The upper passband 410, 510 (higher frequency, shorter wavelength) is characterized by wavelengths shorter than 2,700 nm and longer than 500 nm for clear ceramic glasses and for the heavily opaque second generation ceramic glasses from 2,700 nm down to at least 1,900 nm. These passbands, at wavelengths corresponding to temperatures between 800° C. and 1,250° C., are where the transmission of infrared radiant energy is nominally 70% to 90% efficient.
Those above-referenced patents which implemented temperature control of the heating elements of cooktop systems, whether the elements contacted the glass or not, universally disclosed that the upper limit of 700° C. was observed as a safety measure against glass failure.
A Higher Temperature Radiant Element:
The safe operating temperature of the glass should be observed, but the operating temperature of the radiant source should be significantly higher than 700° C. If the radiant source is operating in the upper passband, then the thermal energy transfer efficiency will increase by at least 10% and most probably by more than 30% over the actual operating range of temperatures.
The typical control system as related in the patents that were filed after the mid-1990s, as noted above, cuts off the energizing power to the elements when the energy radiating from the element is measured to approach 700° C.
A radiant source tuned to the lower passband with a maximum transmissivity of about 60% requires 100 Watts of transmitted radiant energy to deliver 60 Watts through the ceramic glass to the cooking utensil.

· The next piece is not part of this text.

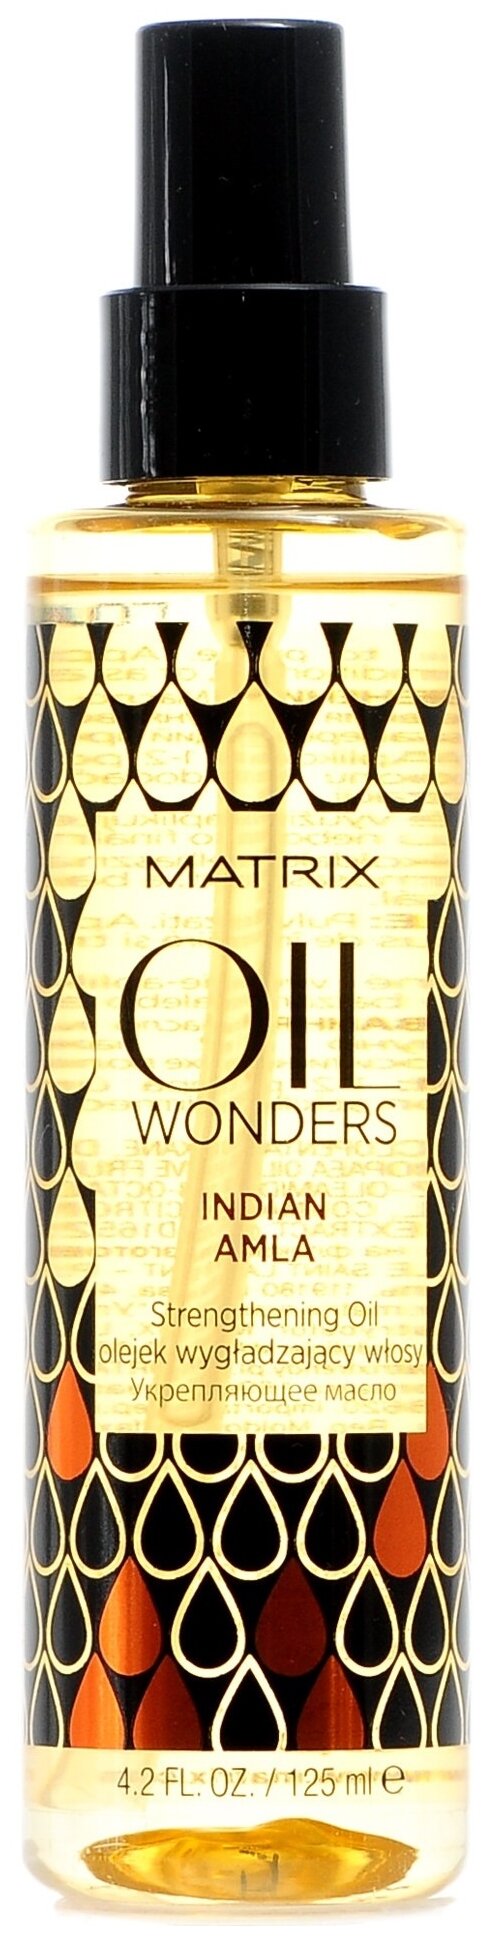 Matrix Oil Wonders Укрепляющее масло для волос Индийская Амла, 125 мл, спрей

What is worse is that for every 100 Watts of radiant energy directed at the ceramic glass, approximately 40 Watts will be lost to heating the ceramic glass.
Consideration of the transmissivity of the ceramic glass will significantly improve the operating parameters of the smooth ceramic glass cooktop. A radiant source tuned to the upper passband with the radiant transmission power of only 85 Watts will deliver approximately 60 Watts through the ceramic glass to the cooking utensil while only about 25 Watts will be lost to heating the ceramic glass. Both the overall reduction in power and the reduced loss into the ceramic glass improve the efficacy of the system. The ceramic glass can operate in the cooking zone longer and not get heated to the point of creating a safety concern. Overall energy is saved and operational costs are reduced.

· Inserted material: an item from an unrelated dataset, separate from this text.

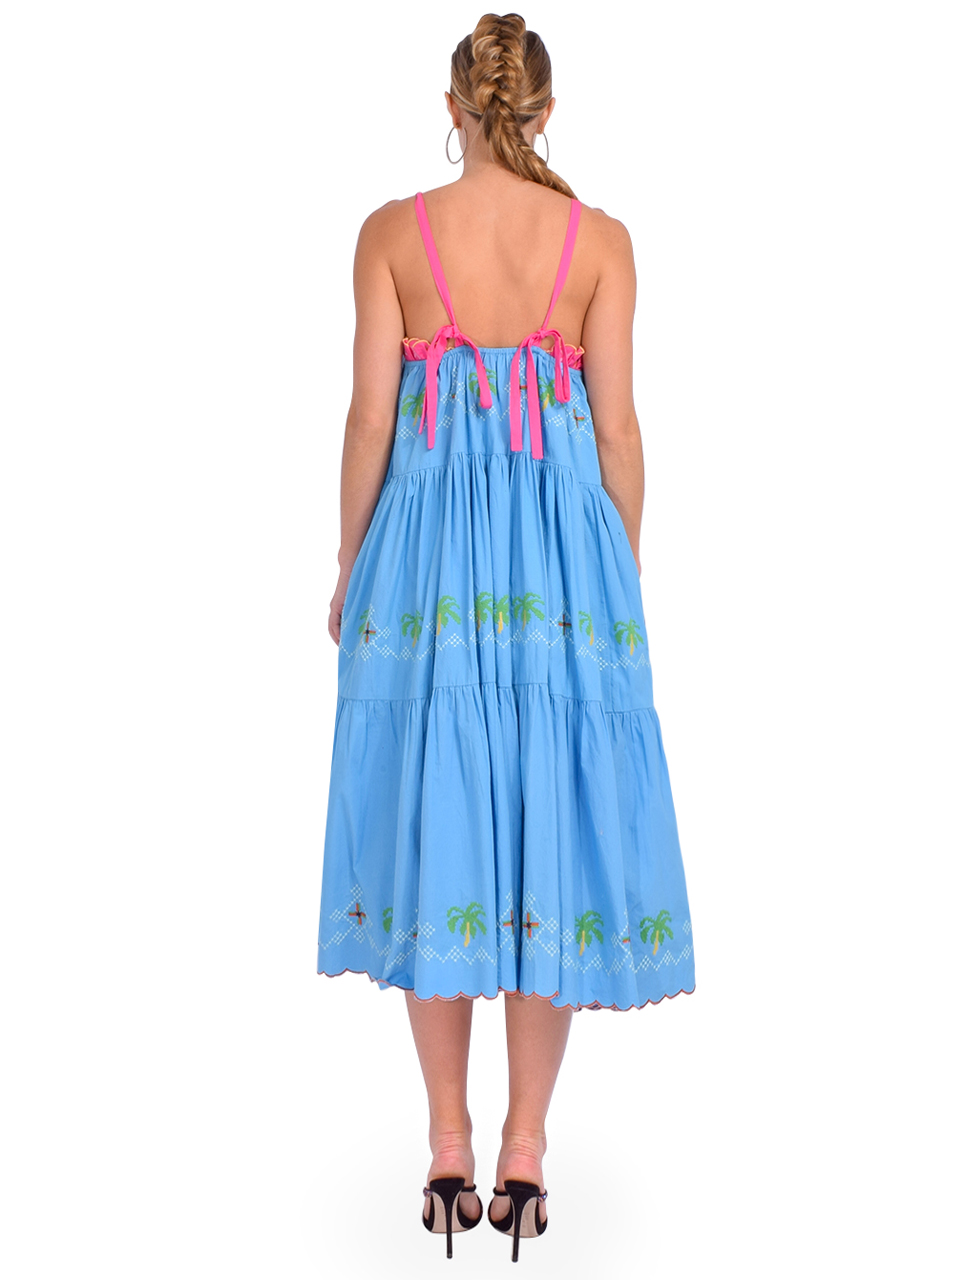 RUE DE LA LUNE Hortensia Embroidered Dress in Blue Back View

The Stefan-Boltzmann Environment:
As noted above, there are several U.S. patents which have as a focus the improvement in the efficiency of the (resistive) radiant element. There were efforts patented that minimized the portion of the (resistive) element that was used to anchor the (resistive) element to the ceramic base.
In light of the Stefan-Boltzmann Law the concerns were unwarranted. The insulating refractory base used for providing physical mounting for the (resistive) element has a very low thermal conductivity and a very high thermal capacity. As such, the refractory in contact with the (resistive) element will quickly heat up and minimize the flow of thermal energy because the (resistive) element and the refractory anchor will quickly reach an equilibrium temperature.
In contrast are the attempts at measuring the temperature of the ceramic glass using attached but unshielded thermistors, unshielded contact sensors or optical waveguide temperature sensors. All of these considerations are confounded by the incorrect assumptions made relative to the use of a radiant energy sensor in the presence of the high-output radiant energy source (i.e., the (resistive) element) as compared to the energy emitted from the bottom of the ceramic glass plate.
The Stefan-Boltzmann Law defines the effectiveness of the radiant energy transfer as proportional to the 4th power of the difference in temperature. Given the Stefan-Boltzmann Law, any of these techniques to monitor the temperature of the bottom of the ceramic glass plate will be confused by the dominance of the high-temperature source.
Additionally, all “temperature” sensors measure “intensity” and not “power,” and as such they cannot differentiate between reflected, transmitted or radiated energy. Although the ceramic glass plate is only about 60% transmissive at 700° C., the optical characteristics of the ceramic glass would enable the “apparent” transmission of the radiant energy as indicated by the observed “intensity” through the ceramic glass. Thus optical sensors can be confused by their inability to quantify observed “power” and these sensors always find the highest temperature in their field of view, which could be a reflection of the radiant source.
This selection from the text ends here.